То, что Кязим бывал в нашем доме, я узнал уже в Казахстане. Бывало, отец в долгие зимние вечера – электричества не было, печку топили соломой – рассказывал нам о Мечиеве. Каким он был, что говорил, как поступал, что написал. Когда на селение обрушился сель и много людей погибло, выразить соболезнование верхнечегемцам пришел и Кязим-хаджи. Он остановился в доме моего деда Османа. Отец рассказывал, что Кязим сказал ему так: «Сынок, тебе, конечно, известно, что чем больше другим отдаешь, тем меньше у тебя остает­ся. А знаешь ли ты, что в мире есть нечто – чем больше его ты отдашь, тем больше у тебя его прибавится? Это знания», – пояснил Кя­зим, и ответ его отец запомнил на всю жизнь, часто повторяя нам эту притчу-загадку. Потом Кайсын Кулиев написал пьесу об этом – «Есть на свете любовь». (В ней я, кстати, сыграл роль учителя Салима, про­тотипом которого являлся мой отец. Мой герой часто цитировал са­мого Кязима, повторяя историю, рассказанную мне отцом).

Я участвовал в школьной самодеятельности, мы ставили небольшие пьесы, доверяли мне роль конферансье. И поэтому, когда вернулись на родину, меня сразу приняли в театр – в 1957 году его восстановили при кабардинском театре, а первой постановкой стала пьеса И. Боташева «Рассвет в горах».

Начались репетиции – мне дали роль пулеметчика Махмуда, но выйти на сцену не пришлось: призвали в армию. После службы я вернулся в театр.
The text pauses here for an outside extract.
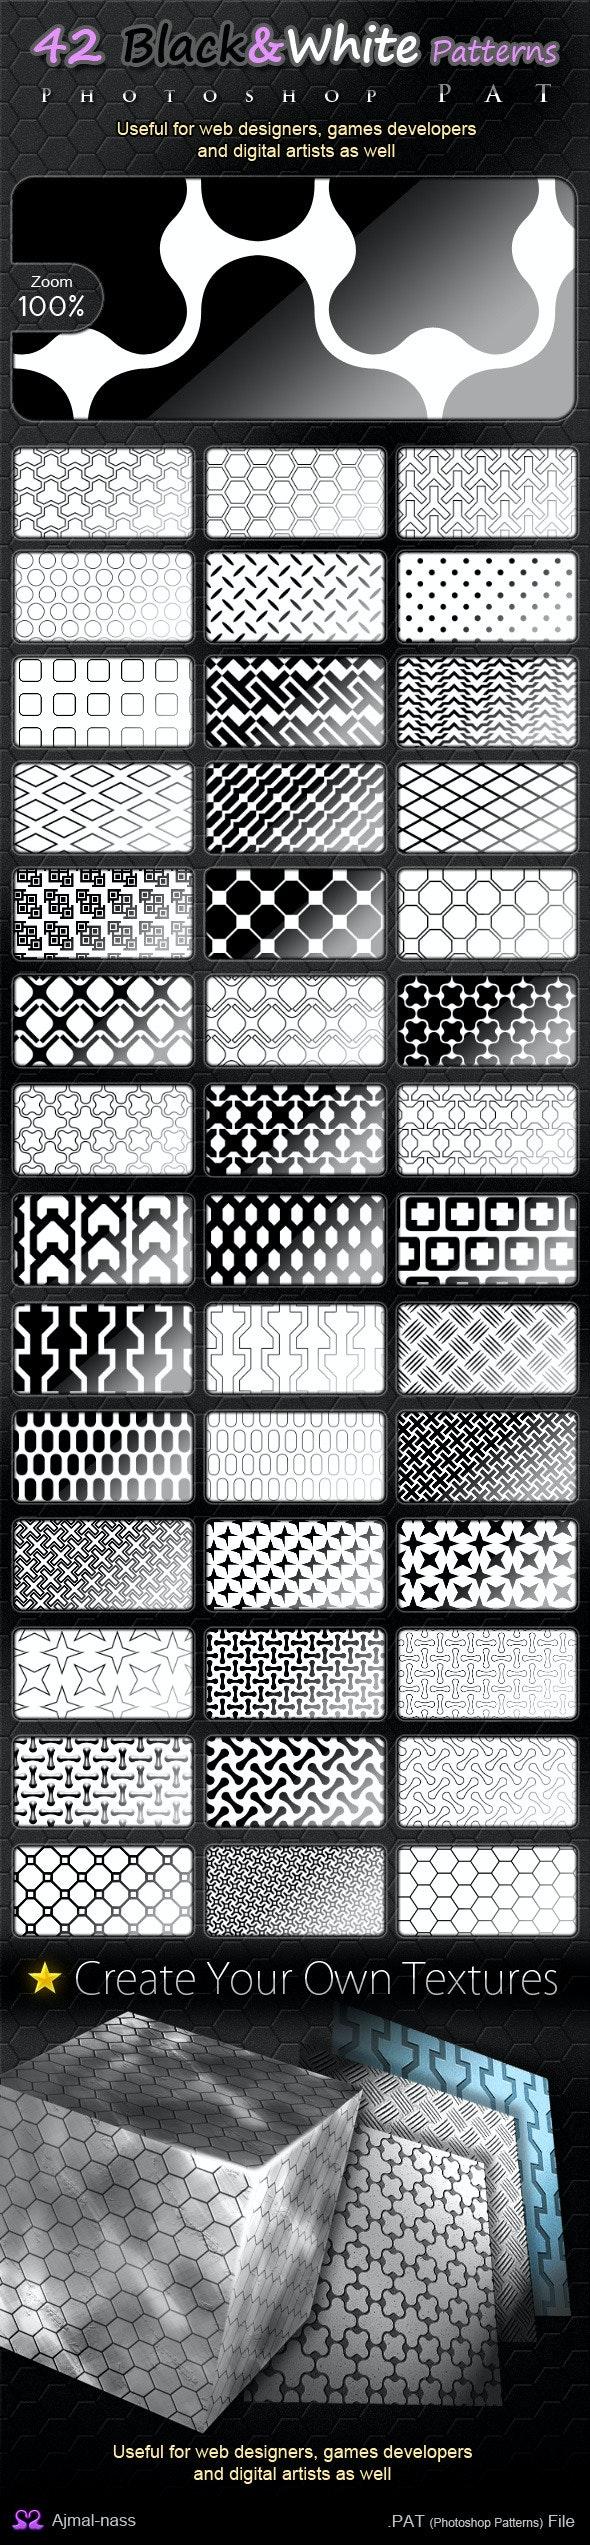 42 Black&White Patterns - Textures / Fills / Patterns Photoshop

Играл – и много, в том числе и в спектакле Ибрагима Мамеева «Раненый тур». Именно в процессе работы над пьесой мне открылось значение и величие мечиевского гения, его судьбоносность, его великая миссия.

Кязима играл сам Ибрагим. В процессе репетиций и автор, и режиссер все время дополняли, дописывали образ Кязима, но все-равно ощущалась какая-то неудовлетворенность. Тогда режиссер и предложил съездить на родину поэта. Поехали в Безенги почти всей труппой. По горной тропе добрались до Шики. Мертвое селение – трава да камни, ощущение трагической безысходности и одиночества. Постановщик спектакля Моисеев был очень внимателен, скрупулезен, вдумчив, видно было, что для него эта поездка в горы – продолжение сценической работы. И действительно, после возвращения кое-что в пьесе было изменено, появился ряд новых эпизодов, в других по-иному расставлены акценты. Увиденная и прочувствованная нами реальность воплощаемого на сцене художественного произведения придала ему и большую достоверность, и узнаваемость. Пьеса имела большой успех.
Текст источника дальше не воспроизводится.